Something in her voice worried Wyatt. He trusted his brothers because he knew they weren’t bad, trusted that they loved Nana too, but they could be careless. Selfish. “Was it good to see them?”
“Tony has a new girlfriend.” Tony always had a new girlfriend. Wyatt barely refrained from rolling his eyes. “And Marco, I guess he got fired.” That also didn’t come as a surprise. Marco liked to drink more on work nights than was appropriate and probably had called in one too many days at the auto shop he worked at. “But, he tells me,” Bea continued, “that he thinks he can convince the owner to rehire him.”
Wyatt did roll his eyes this time, and she tapped him firmly on the shoulder. “I saw that, Wyatt.”
“If they wouldn’t be so predictable,” Wyatt said.
“They’re your brothers,” Bea said, switching into Nana Le
cture Mode, “and someday, they’re going to be all the family you have left. You take care of family. Blakes always take care of family.”
Something he’d been hearing his whole life. “I remember.”
“When they were here, Tony and Marco didn’t even say anything about you having an interview.”
Wyatt hadn’t told them. Hadn’t much seen the point. He and his brothers were so different, and the two of them so similar, that he’d felt so many times like the outsider to their partnership. It made it hard to call or text. Especially now, that he was the only one who’d taken on the burden of Nana’s care.

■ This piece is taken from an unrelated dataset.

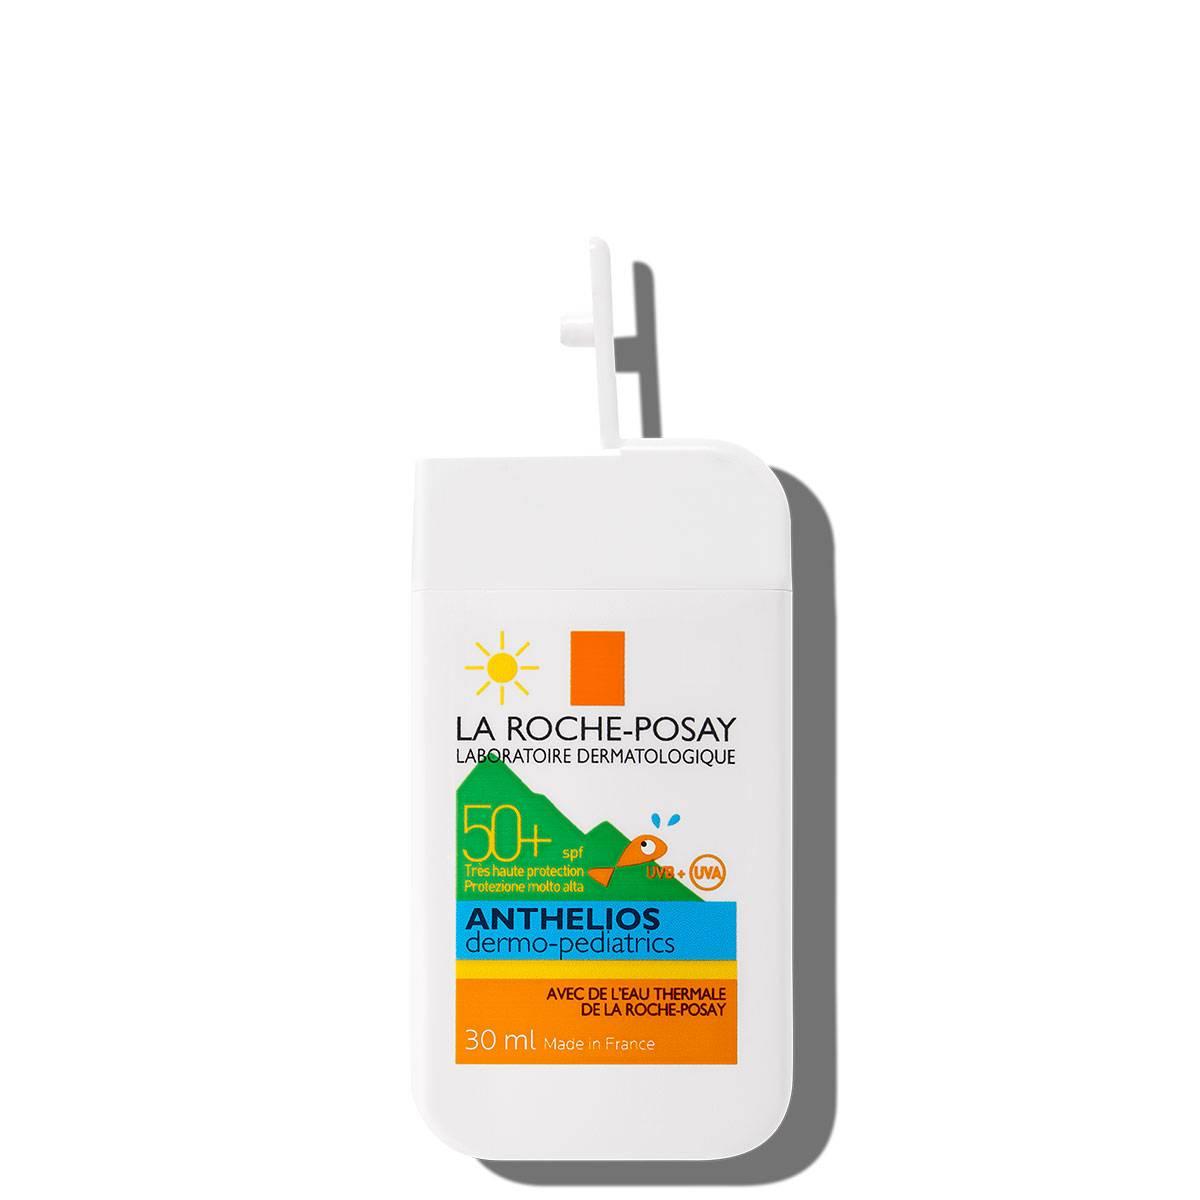 La Roche Posay ProduktSide Sol Anthelios Lomme Dermo Pædiatri Lotio

It wasn’t a burden, Wyatt mentally corrected. He was grateful and privileged that he could. If only it didn’t hang on his shoulders so heavily sometimes.
“I just found out about it, had to beg Chef Aquino for two days off and rush down to LA.”

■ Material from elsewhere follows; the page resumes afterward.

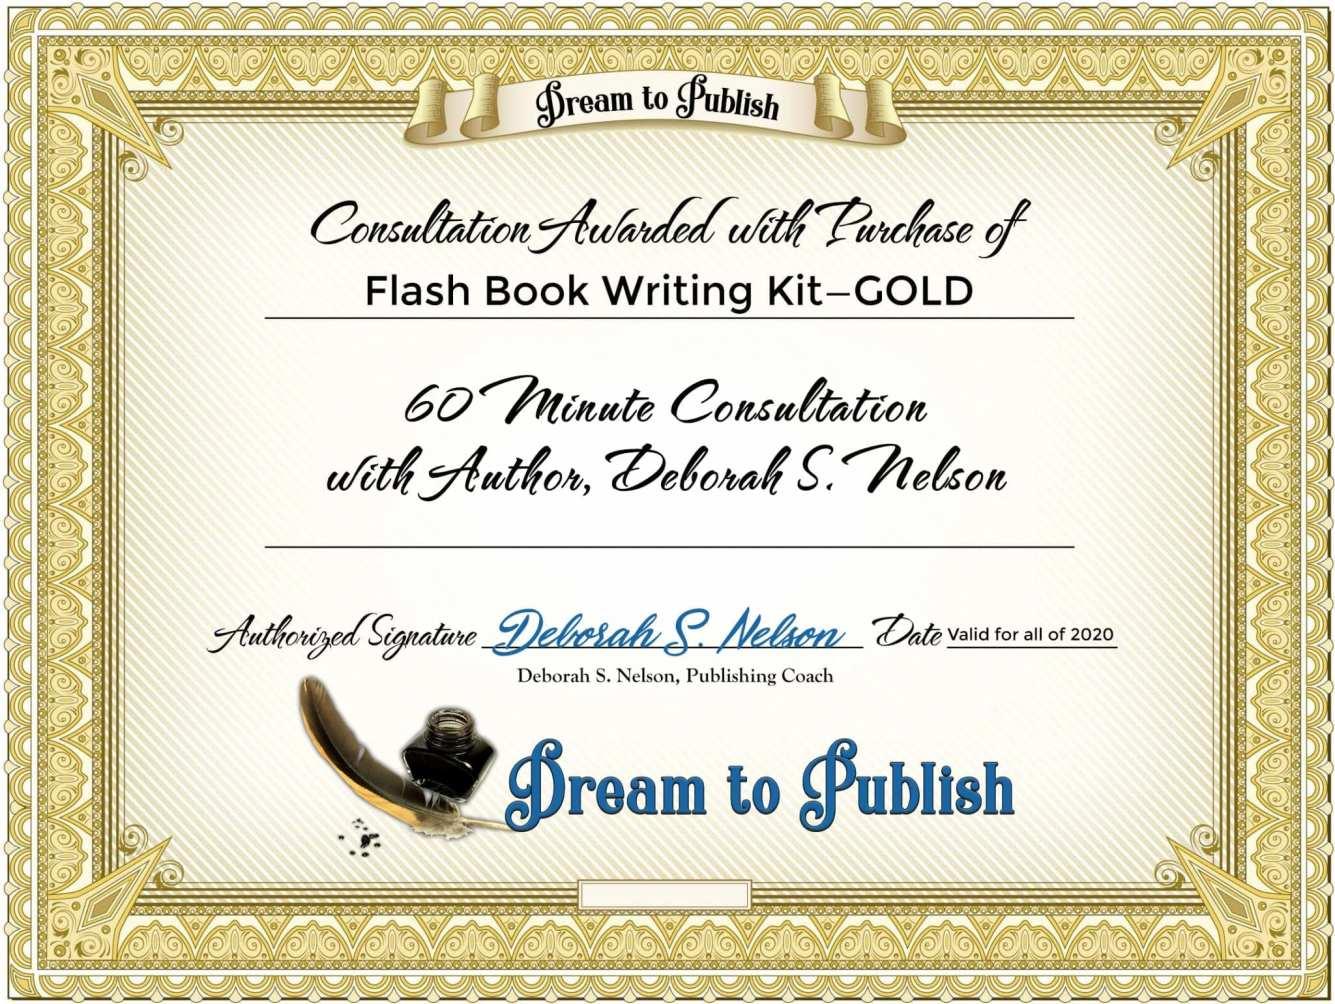 Flash Book Writing Kit—GOLD Certificate

“And you’re sure about this?” she asked, looking intently at him. “I don’t want you to be unhappy.”
“It’s going to be good, I promise. Better for me, better for you.” That was all he could say before the tears clogged his throat. He cleared it, hoping that she wasn’t so aware that she’d somehow missed the flash of emotion.

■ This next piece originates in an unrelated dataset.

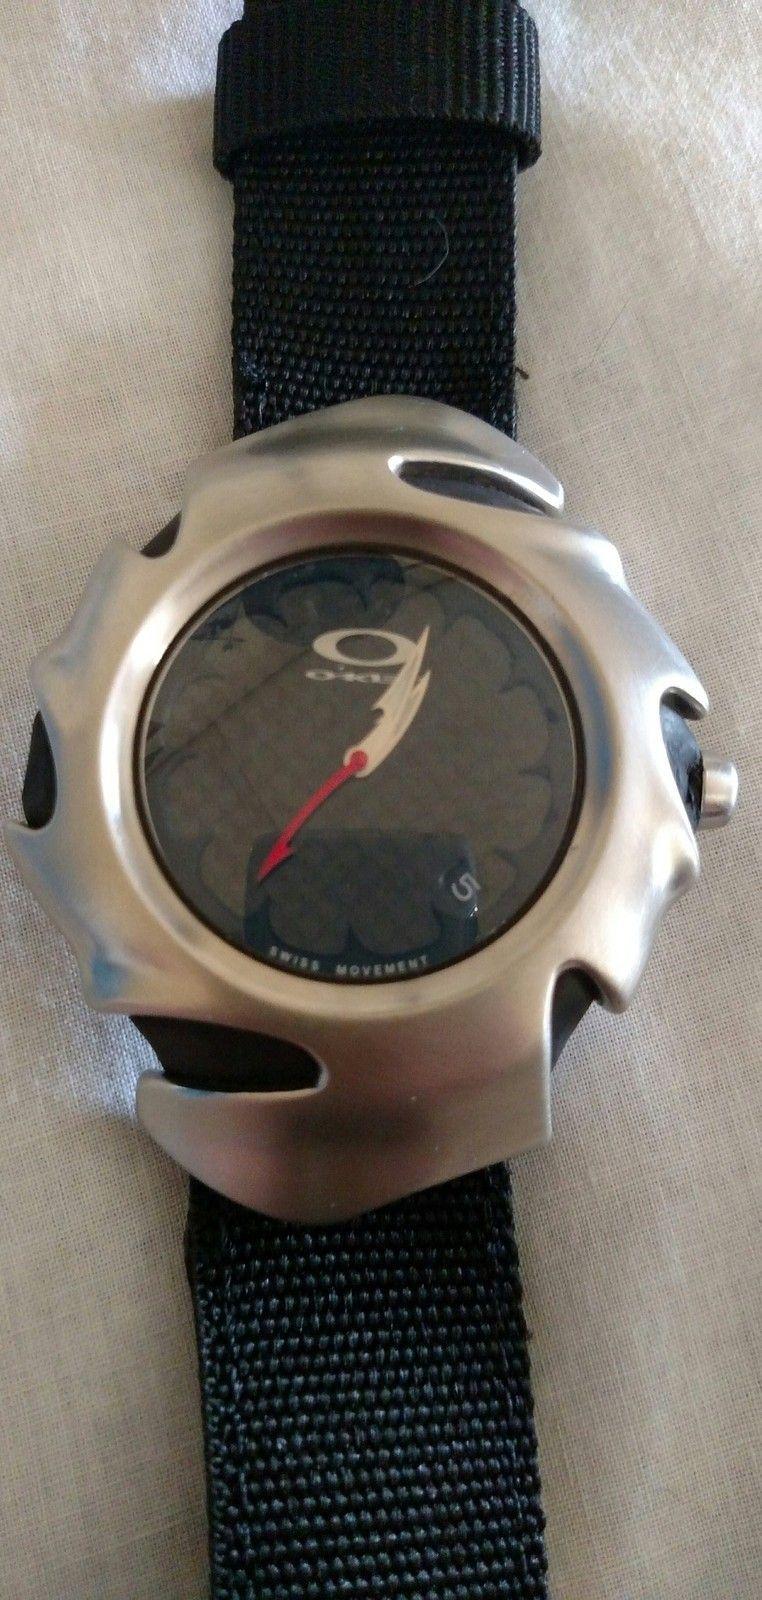 Blade Watch (PRICE DROP) - uploadfromtaptalk1428254372006.jpg

“I brought you something,” he said, reaching for the bag he’d brought in, hoping he could distract her. “Miles made them for you.”
“Macarons?” she asked excitedly. Who would have ever thought his dear nana, Irish and traditionalist to the core, would love French pastries? Miles, that’s who. And who packed her a box every time he knew Wyatt was going to see her.
“Lemon almond and raspberry chocolate,” Wyatt said. “And some other strange flavors he wouldn’t tell me, so I’m not taking responsibility for Miles’ weird flavor combinations.”
“He’s a dear,” Nana said, opening the box with excitement in her voice. She glanced up at him conspiratorially. “Do you think it would be wrong of me not to share these?”
“I think you should keep them if you want to,” Wyatt said.
“But, Wyatt,” she said earnestly. “God is always watching.”